> **Work instruction**:
Please, without any pictures, transcribe the lines from the one holding "Klaus Bauer Elektroanlagen" to the end of the listing, both ends included.
Given information Start Marker
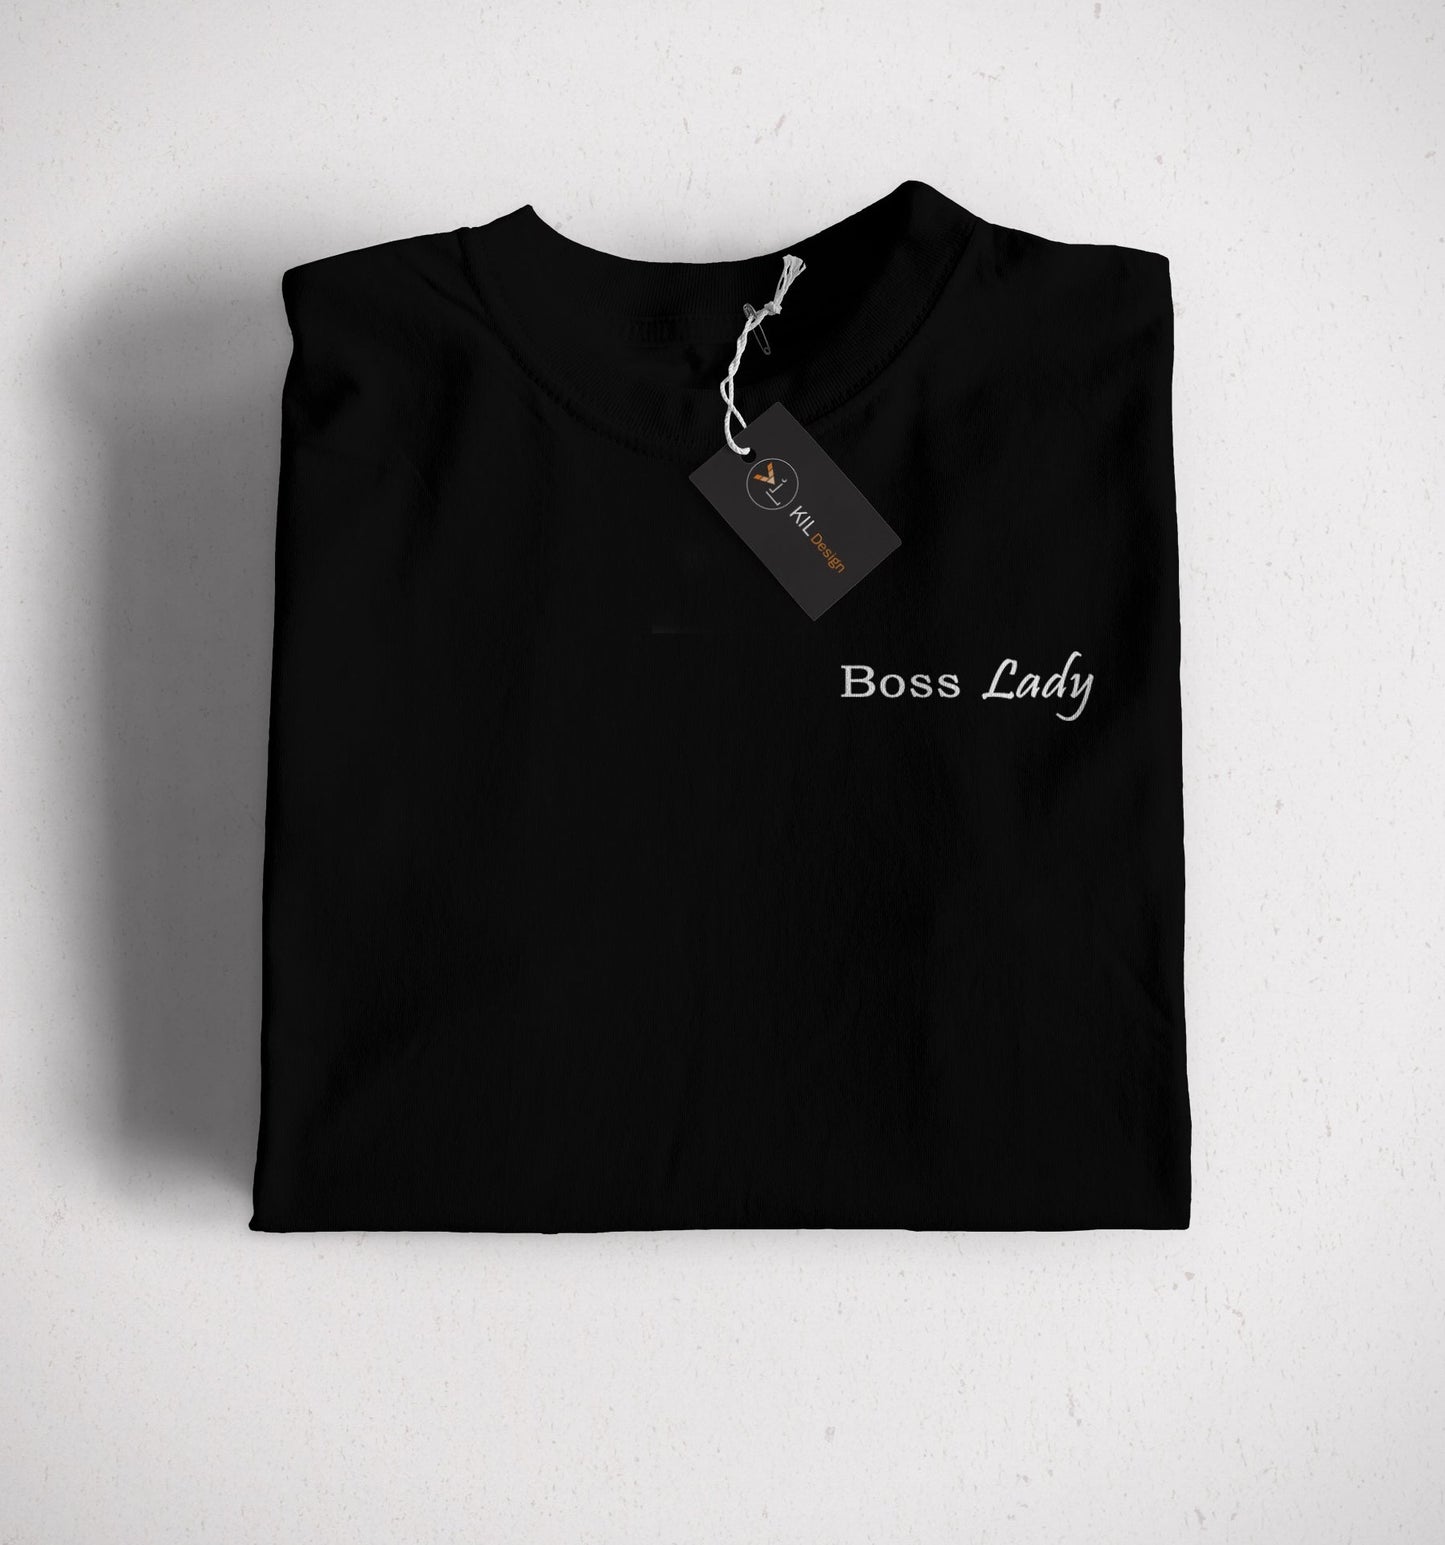 Maglietta con scritta "Boss Lady"
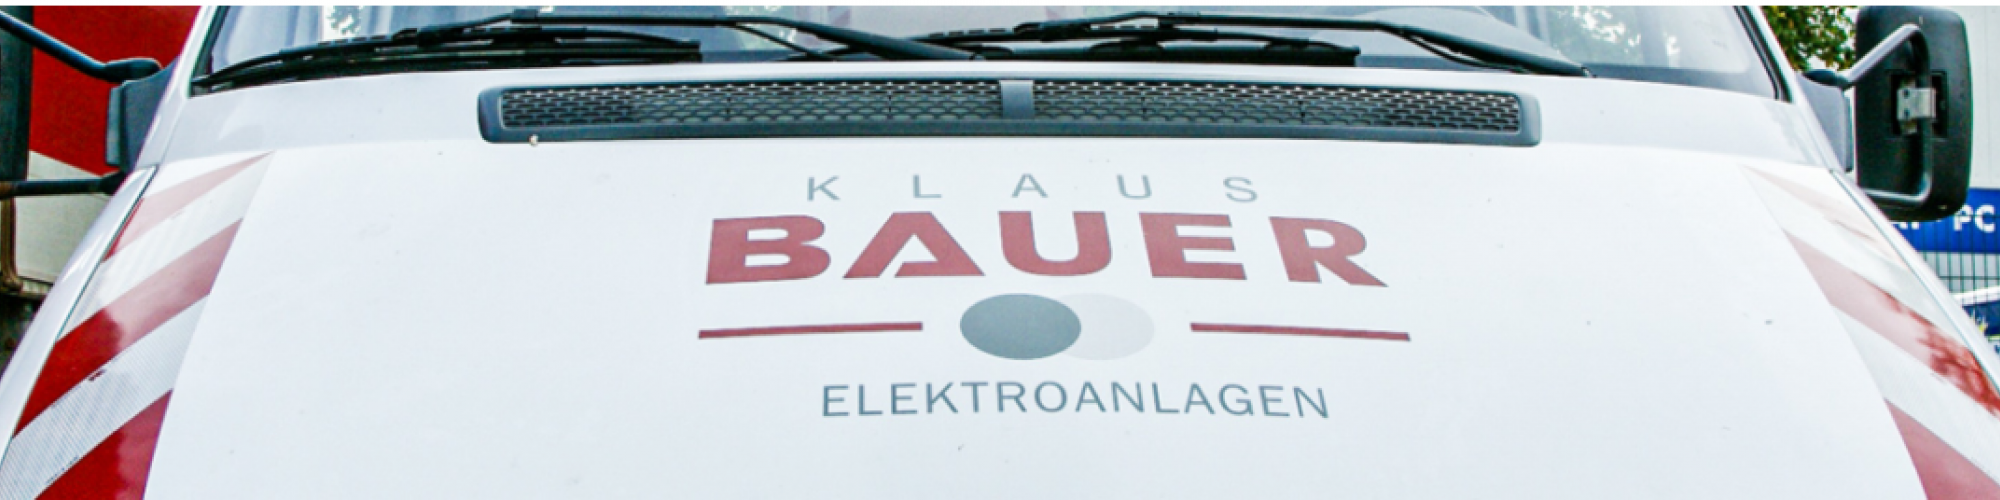 Klaus Bauer Elektroanlagen
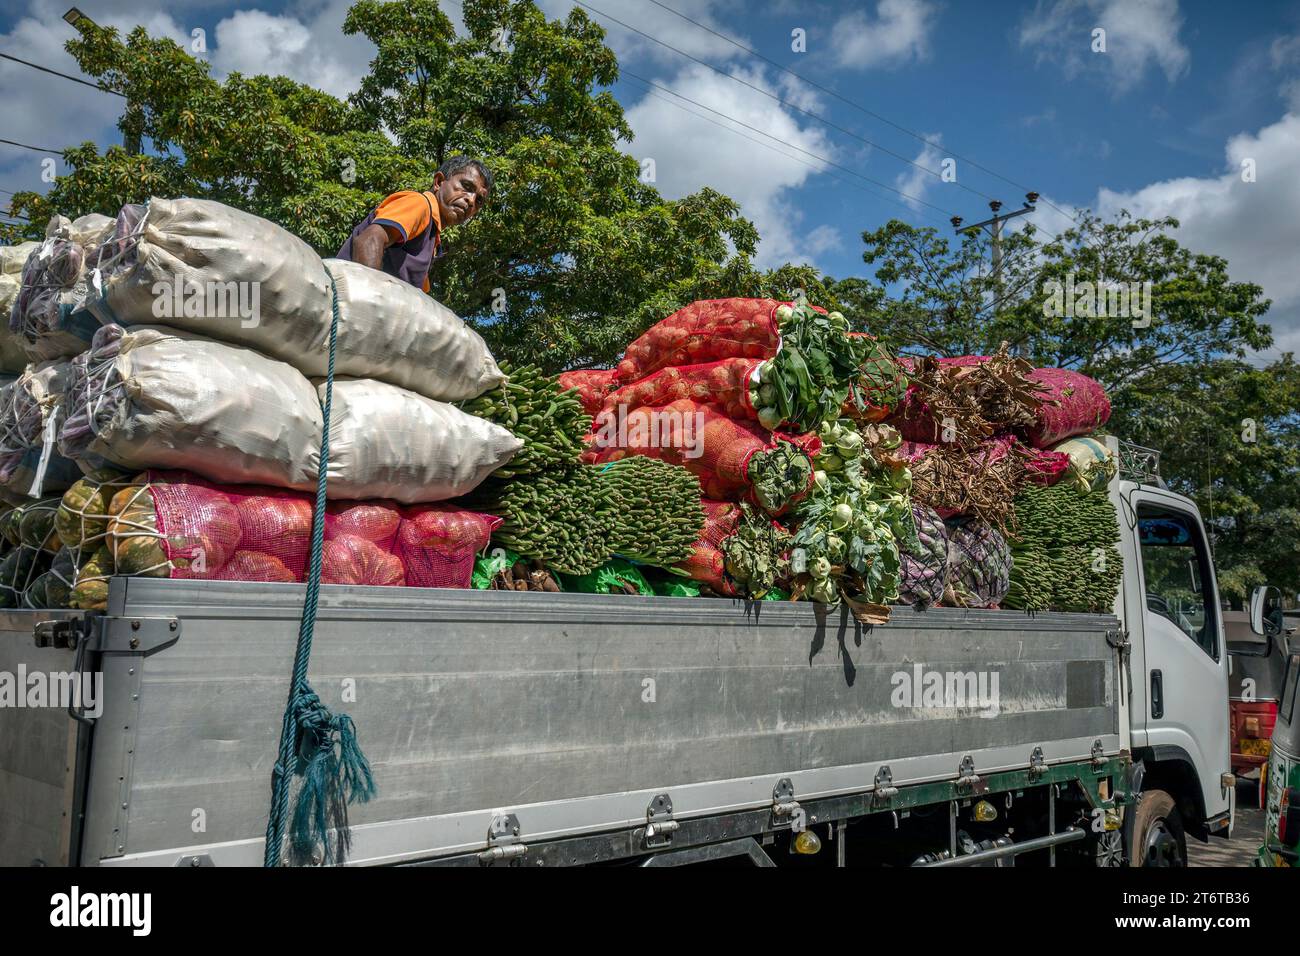 Ein Mann sitzt auf der Rückseite eines Lastwagens mit frischem Obst und Gemüse und wartet darauf, das Dambulla-Wirtschaftszentrum in Sri Lanka zu betreten. Stockfoto
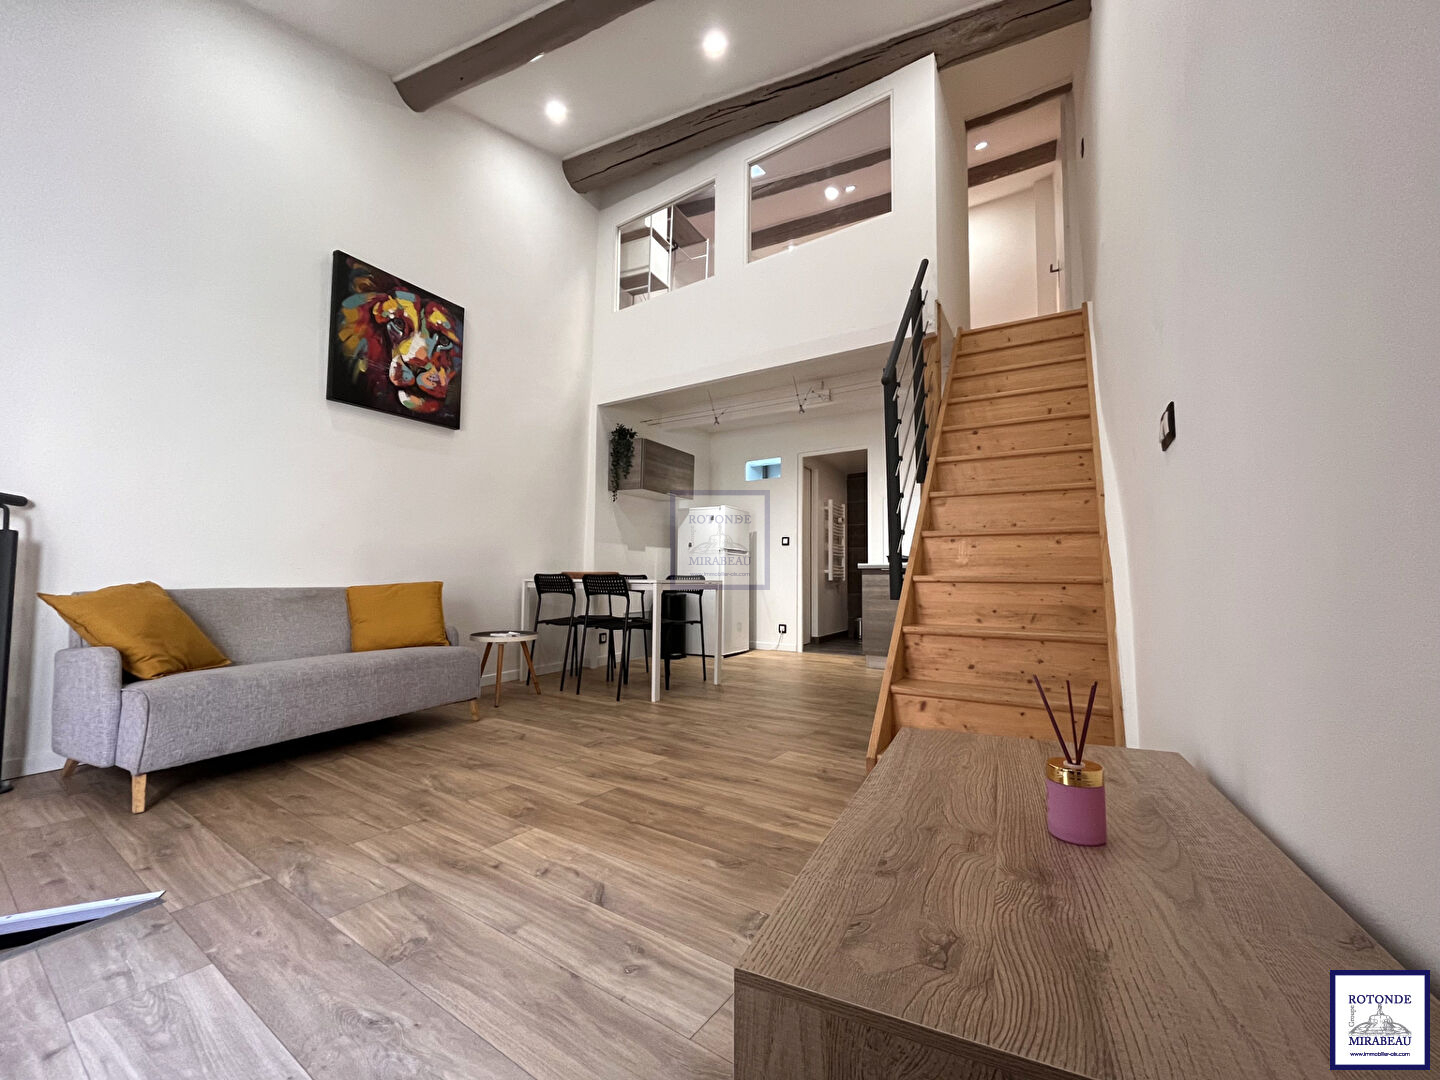 Vente Appartement AIX EN PROVENCE surface habitable de 37.95 m²
Given information End Marker
> **Answer to the exercise**:
 Klaus Bauer Elektroanlagen
 Ein Mann sitzt auf der Rückseite eines Lastwagens mit frischem Obst und Gemüse und wartet darauf, das Dambulla-Wirtschaftszentrum in Sri Lanka zu betreten. Stockfoto
 Vente Appartement AIX EN PROVENCE surface habitable de 37.95 m²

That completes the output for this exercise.